Ви не может больше смотреть в эти усталые лица – он видит глаза мертвецов. И каждый из них уже предчувствует свою смерть. Уже знает, сука. Им не уйти, пока безумно пыхтящая, исходящая топливом военная машина не раздавит их гусеницами, не размажет тонким слоем по раскаленному песку, не бросит на ебаный алтарь великого обогащения. Во имя блядских эдди, аминь!
Он принимает решение прямо тут, сидя на обжигающей стальной обшивке своего панцера, давясь стерильным сигаретным дымом и настоящим ослепительным сумасшествием, хватающим за глотку и не дающим дышать.
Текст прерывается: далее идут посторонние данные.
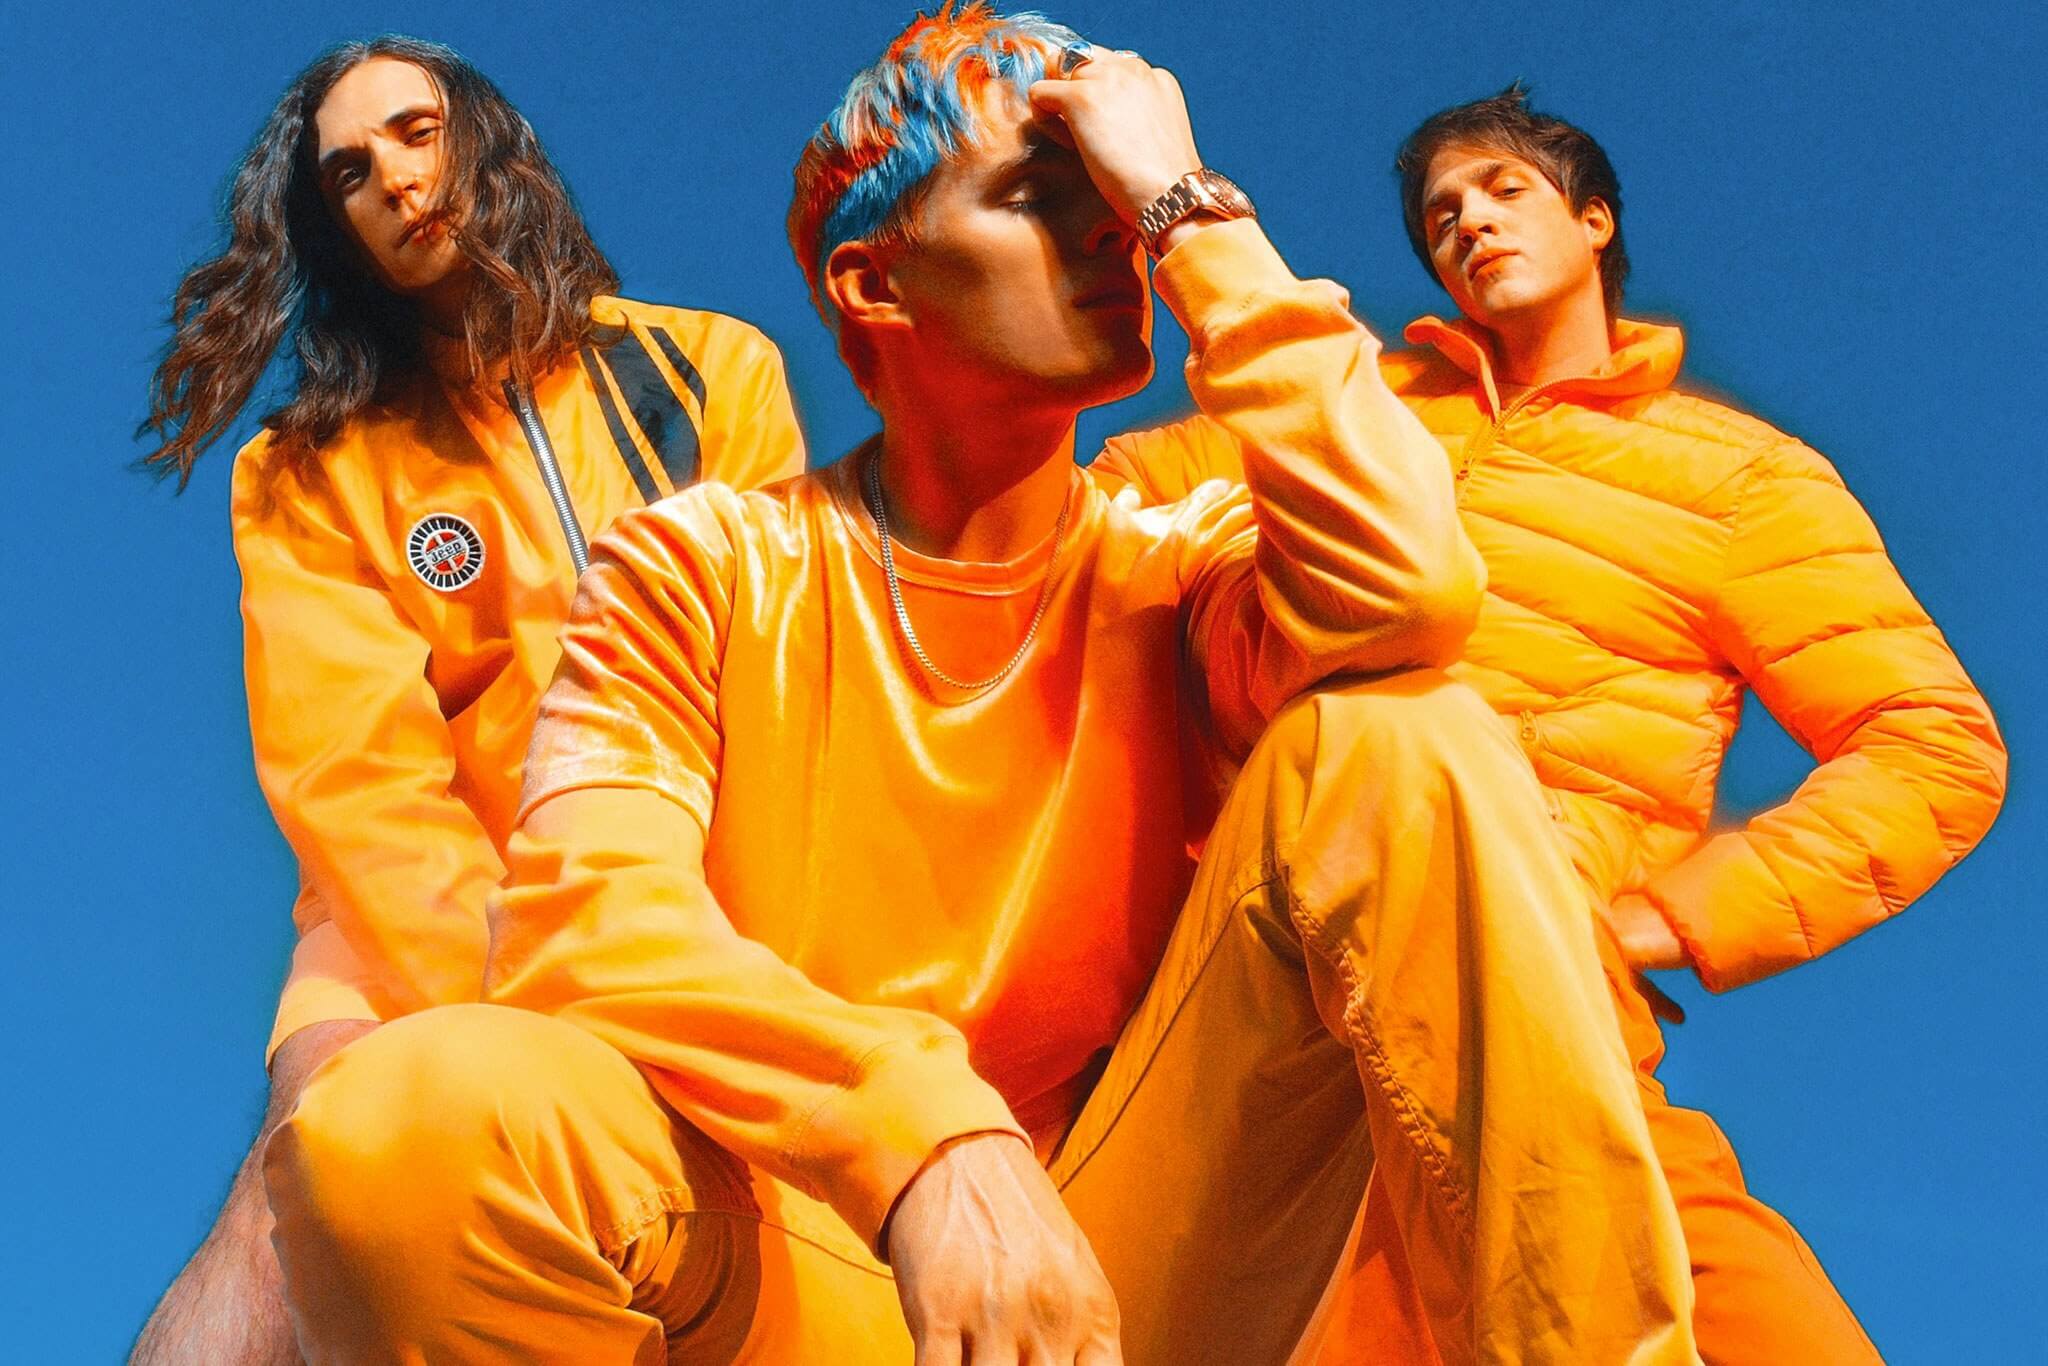 WATERPARKS DEBUT NEW VIDEO FOR “VIOLET!”
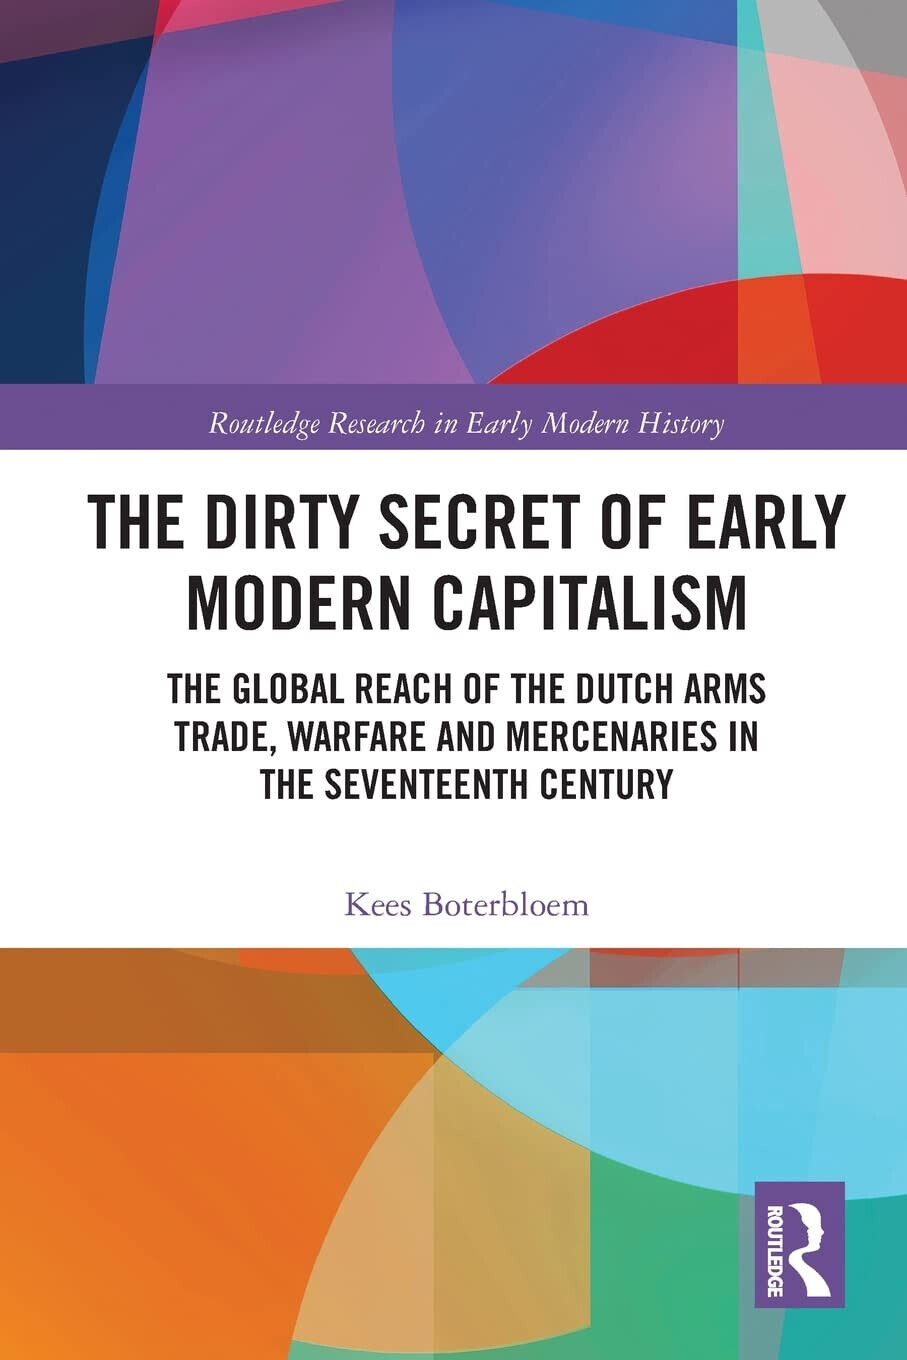 The Dirty Secret Of Early Modern Capitalism - Kees Boterbloem - 2021

Ноет неживая рука, ноет располосованный страшными шрамами бок, ноет все нутро от густой ядовитой лжи, пеной заполняющей внутренности. Ему всего двадцать один, и он сыт этим миром и его блядской мудростью до блевоты. Ему кажется, что его наебали настолько жестоко, что он больше никогда, никому и ни во что не сможет поверить.
Он собирается валить на следующем задании. Он уверен, что напарник его поддержит. Возможно, еще кто-то из отряда. Если их возьмут патрули, то трибунал – лучшее, что их ждет. Ви насрать. Он лучше сдохнет, чем и дальше будет уговаривать себя потерпеть, когда его так цинично ебут изо дня в день, нежно рассказывая, что это необходимые процедуры.
Металлические пальцы Ви свободно летают по грифу, легко берут аккорд за аккордом. Он приятно пьян, в голове шумит. Ви меняет репертуар, потому что обычная компания слушателей уже разошлась, дело происходит за полночь. Напротив лишь две симпатичные девки, им про войну неинтересно. Им интересно про глупую любовь, так почему бы их и не порадовать?
Джонни приходит в этот бар пару раз в неделю, чтобы послушать пацана, выступающего по вечерам. Тот поет свое, играет технично, находит отличную музыкальную форму для песен, да и тексты ритмичны и неплохи. В целом, его творчество доставляет удовольствие. А после него Ви достает родную акустику и лабает свое в углу за столом – поначалу один, затем с определенной аудиторией, все растущей день ото дня. В плане формы ему далеко до музыканта, играющего тут с мелкой сцены, но жара и смысловой нагрузки хватает с избытком. Джонни поет о войне, поет о лжи, об усталости и гневе. Его слова, его простая музыка находят отклик во многих сердцах.
Надо же, и сегодня его песни отозвались в душах… Он предпочел бы, конечно, обойтись интересом девок, но таков крест музыканта, хули.
- Так значит, не уважаешь свою страну и народ, щенок? – тот мужик, что покрупнее и постарше, ставит пивную кружку на стойку и лениво поднимает задницу с табурета. Военные нашивки, форменная куртка с оборванными рукавами, кобура, знакомый излом фанатизма на обветренном лице – Шестая улица. – Ссыкло ты, вот и все! Жетончики-то, небось, таскаешь, сучара?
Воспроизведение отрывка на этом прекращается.